Last Friday, as I walked to my office through Trafalgar Square, I was impressed at the tenacity of the Extinction Rebellion protestors camped out in the driving rain. Fast forward a week, and my sympathy and that of the public is vanishing at the speed of the Bullet train after protests which turned violent yesterday.
ER protestors decided to stand on the roof of a total of three tube trains (one of which was electric) in the middle of the rush hour. One was caught on camera kicking a commuter in the head who tried to pull them off. Scuffles ensued with some of the protestors being attacked before being arrested. By the evening, Trafalgar Square was full of police anticipating more potential problems as a result of ER demonstrations.
The scenes from yesterday are a stark reminder to those politicians who have supported the Extinction Rebellion that they need to be very careful who they get into bed with. Deciding to make it harder for people to go to work by public transport was an act of sheer stupidity when climate change is the key concern. Anyone in a rush to get somewhere could have decided to jump into a taxi instead. Imagine the nurse coming back from a night shift after saving lives, or the office cleaner who has no child care and needs to get home to take their children to school. These are the people that the left claim to care about, but yesterday Extinction Rebellion was making their lives impossible.
Several weeks ago, parts of the ER movement were even considering launching drones around our airports, putting at risk the safety of passengers and those on the ground and giving succour to terrorists. When planes are delayed, the reaction from ER and those who support them is flying is bad, who cares if someone’s flight is delayed? But what if those people are taking a plane to be back with their dying relatives. Someone else missing their final moments with their mum or dad is easier to put to one side when it does not impact you personally.
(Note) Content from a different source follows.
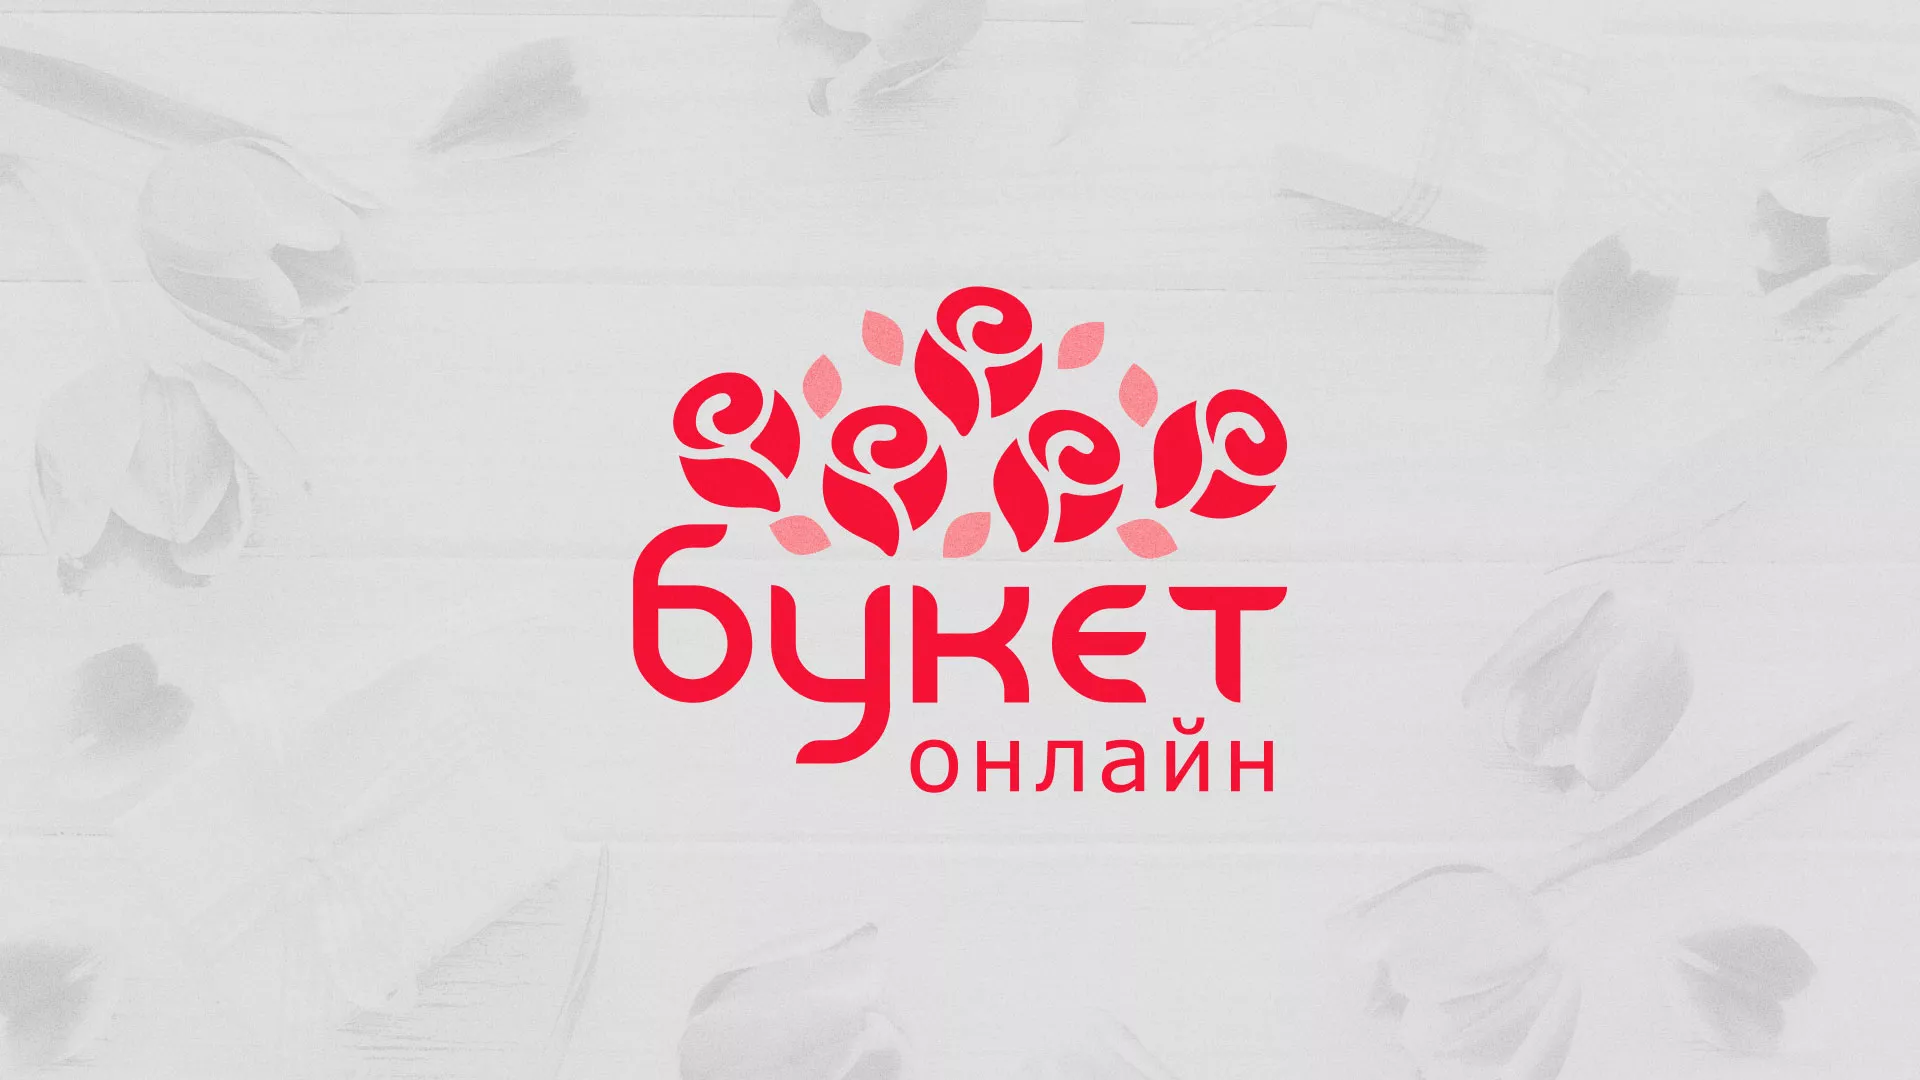 Создание интернет-магазина «Букет-онлайн» по цветам в Йошкар-Оле

It would not have taken more than a couple of minutes for Jo Swinson or Caroline Lucas to tweet their outrage at the behaviour or to put out a statement as Sadiq Khan did, condemning the violence and the disruption to ordinary Londoners. But they didn’t, which was deeply disappointing, given that they regularly (and fairly) complain about the coarsening of political discourse and threats of violence towards MPs.
Whatever people’s politics, most people do not wish to be stopped from going to work to earn a living, visit their family, taking their children to school or going to hospital. If those on the left are not careful, and the scenes we saw yesterday continue, Extinction Rebellion and politicians who support them will be playing directly into Boris Johnson’s hands. The Conservatives record of swingeing cuts to the police will quickly be forgotten by a thankful public who will inevitably tire of Extinction Rebellion protestors gluing themselves to trains, blocking roads or stopping people flying.
Those who support the ideals of Extinction Rebellion cannot be seen to turn a blind eye to disruption and violence just because it is on their side of the culture war.
The angry commuter will not be thinking about the comparisons with Emmeline Pankhurst’s fight for women for as long as Extinction Rebellion are causing mayhem on their daily commute.